# What counts as a trash in the town?



## Blackreach (Feb 11, 2014)

I know like there are kind of things that when you put on the floor a giant red flower appears with flies in it

and ik that bells,fruits dont count as a trash if u put them on the floor, but what does? tools?? or furnitures or what


----------



## effluo (Feb 11, 2014)

Anything that isn't fruit(not sure about perfect), mushrooms, flowers and buried (gyroids, pitfalls, and unassessed fossils)is considered trash.


----------



## ayeAmariah (Feb 11, 2014)

Well idk about fruit, because I used to keep a basket of all types of fruit near the front of my town and for the longest time I couldn't get a perfect town because "there was too much trash". After I picked up my fruit, I got a perfect town rating lol. Also, if you pick up seashells and drop them, they're considered trash. I think it's when you pick things up and drop them again that they become trash.. But not 100% sure.


----------



## nacy (Feb 11, 2014)

effluo said:


> Anything that isn't fruit(not sure about perfect), mushrooms, flowers and buried (gyroids, pitfalls, and unassessed fossils)is considered trash.



is there a limit? or are gyroids potentially not trash, because i have 3 out around a pwp and my town is perfect


----------



## effluo (Feb 11, 2014)

nacy said:


> is there a limit? or are gyroids potentially not trash, because i have 3 out around a pwp and my town is perfect



I don't think so. I kept perfect town for two months and had tons of gyroids buried in town. 

I also kept fruit on the ground and kept it..


----------



## Suave_Spencer (Feb 11, 2014)

Seashells aren't either, since nobody has mentioned them.


----------



## FireNinja1 (Feb 11, 2014)

The only things aren't counted are buried pitfalls, buried and unassessed fossils, buried gyroids, and singular fruit and seashells.


----------



## Blackreach (Feb 11, 2014)

- - - Post Merge - - -

guys what if i put them on the beach sand? do they also consider as trash?


----------



## Suave_Spencer (Feb 11, 2014)

I believe so.


----------



## FireNinja1 (Feb 11, 2014)

Tareq said:


> @kittykat LOOOOOOOOOOOOOOOOOOOOOOLOLOLOLL WTF
> 
> - - - Post Merge - - -
> 
> guys what if i put them on the beach sand? do they also consider as trash?


Yes.

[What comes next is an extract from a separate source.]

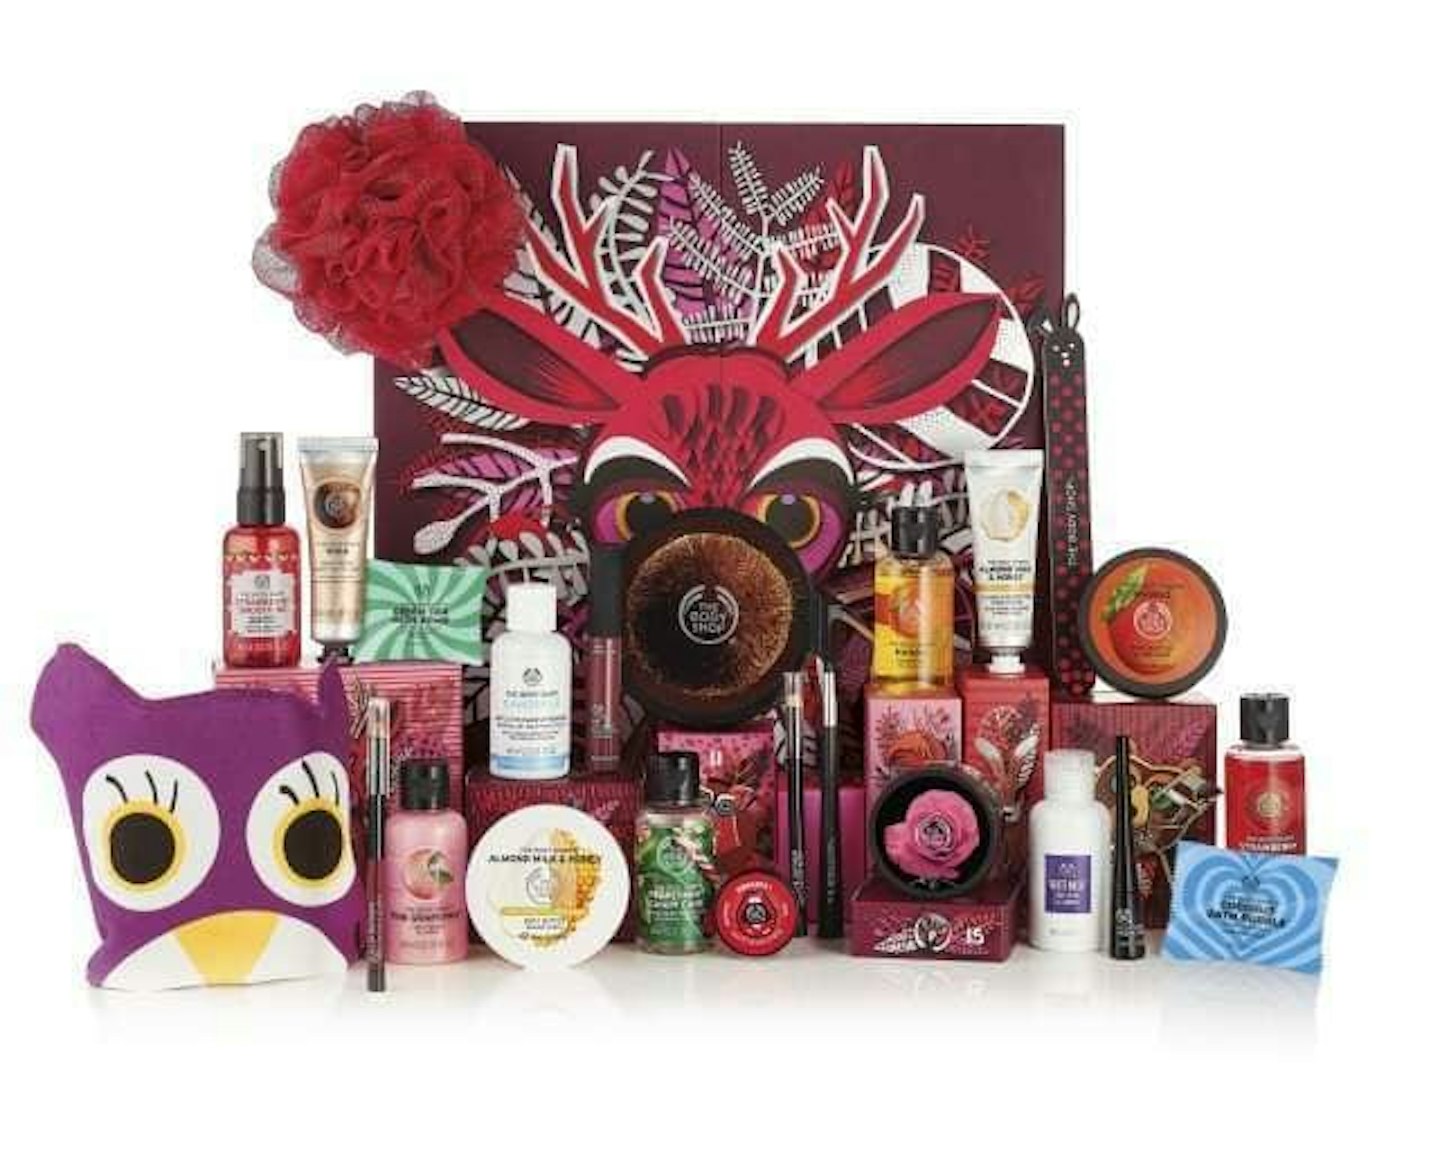 25 Days of the Enchanted Deluxe Advent Calendar

Should be common knowledge as well, but flowers don't go against the rating.


----------



## ayeAmariah (Feb 11, 2014)

nacy said:


> is there a limit? or are gyroids potentially not trash, because i have 3 out around a pwp and my town is perfect



You can have up to 5 "trash" items out in your town to still get a perfect town rating.


----------



## Swiftstream (Feb 11, 2014)

-_- perfect town => TOO HARD.

I have decorations lying all over the beach, and my town.


----------



## Blackreach (Feb 11, 2014)

tools also count as trash?wow that sucks


----------



## oath2order (Feb 12, 2014)

ayeAmariah said:


> Well idk about fruit, because I used to keep a basket of all types of fruit near the front of my town and for the longest time I couldn't get a perfect town because "there was too much trash". After I picked up my fruit, I got a perfect town rating lol. Also, if you pick up seashells and drop them, they're considered trash. I think it's when you pick things up and drop them again that they become trash.. But not 100% sure.



Fruit itself is not trash. Fruit in a basket is trash.


----------